Herpes zoster oticus also known as Ramsay Hunt syndrome is a rare complication of herpes zoster in which reactivation of latent varicella zoster virus infection in the geniculate ganglion causes otalgia, auricular vesicles, and peripheral facial paralysis. Ramsay Hunt syndrome is rare in children and affects both sexes equally. Incidence and clinical severity increases when host immunity is compromised.
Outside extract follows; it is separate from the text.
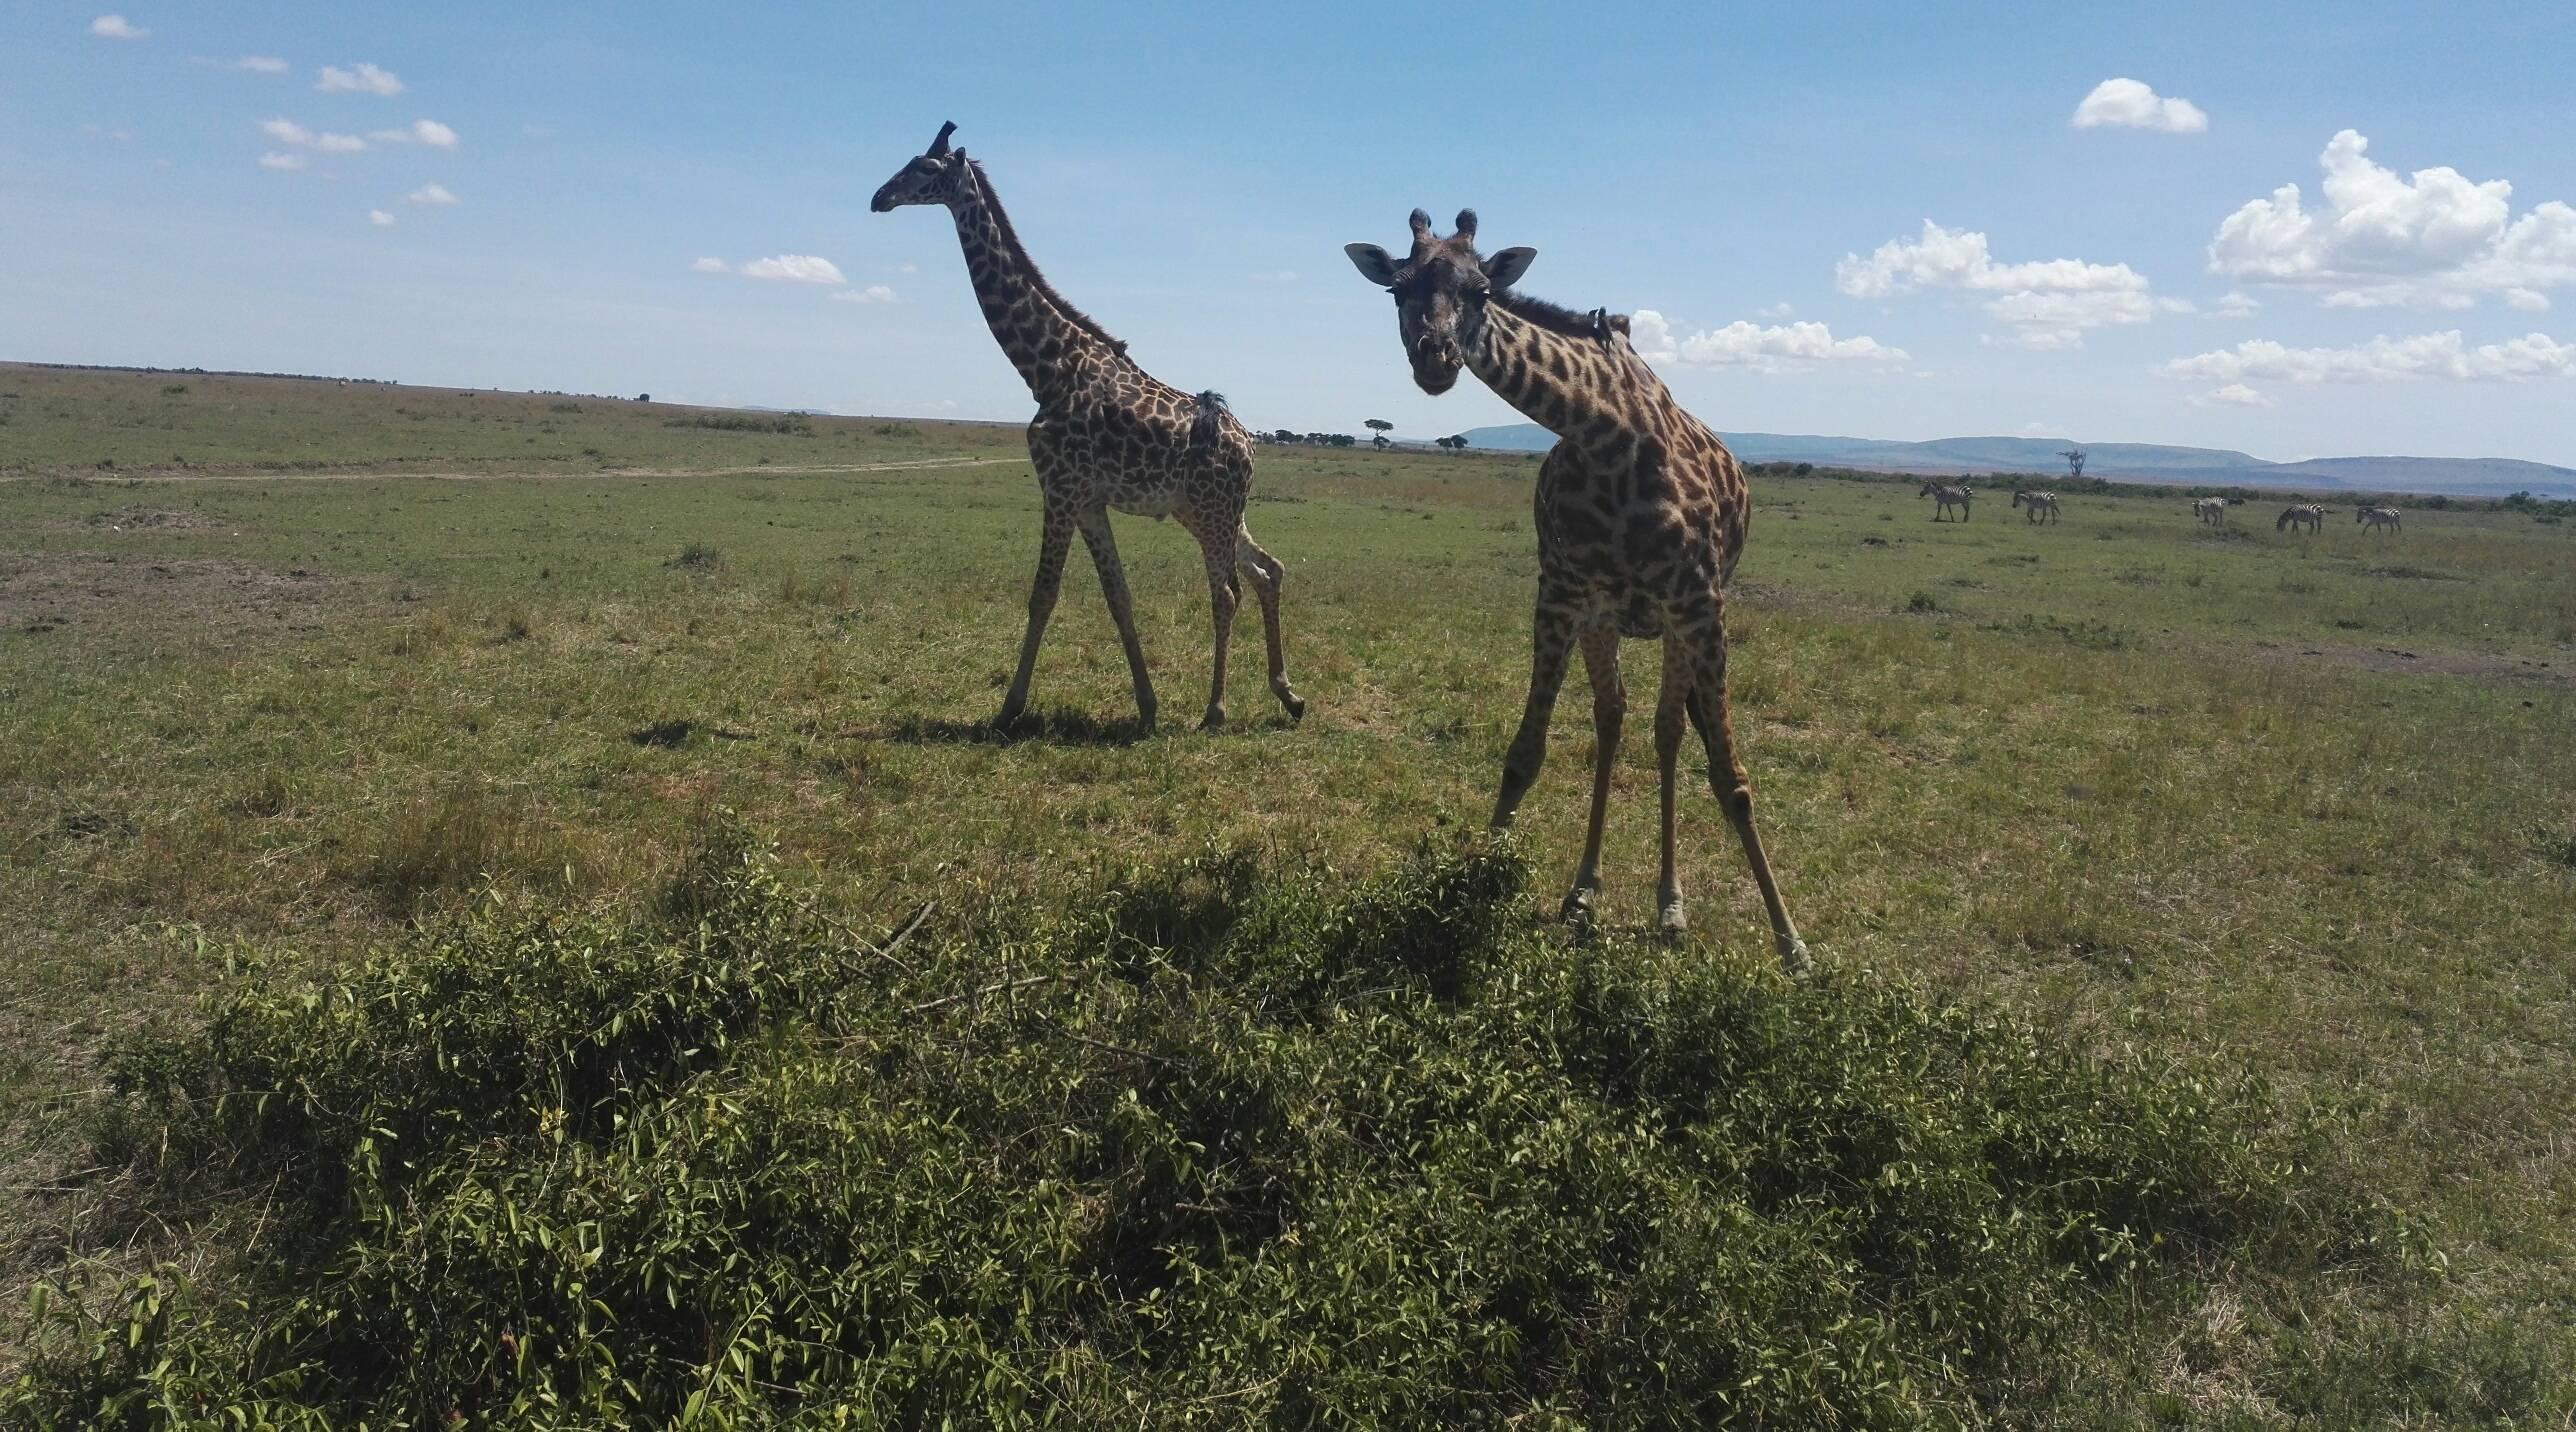 Photo 2: Parc national serengeti

Because these symptoms do not always present at the onset, this syndrome can be misdiagnosed. Although secondary to Bell's palsy in terms of the cause of acute atraumatic peripheral facial paralysis, Ramsay Hunt syndrome, with incidence ranged from 0.3 to 18%, has a worse prognosis. Herpes zoster oticus accounts for about 12% cases of facial palsy, which is usually unilateral and complete and full recovery occurs in only about 20% of untreated patients. The most advisable method to treat Ramsay Hunt syndrome is the combination therapy with acyclovir and prednisone but still not promising, and several prerequisites are required for better results. We present a case of 32-year-old man suffering from Ramsay Hunt syndrome with grade V facial palsy treated effectively with rehabilitation program, after the termination of the combination therapy of acyclovir and prednisone.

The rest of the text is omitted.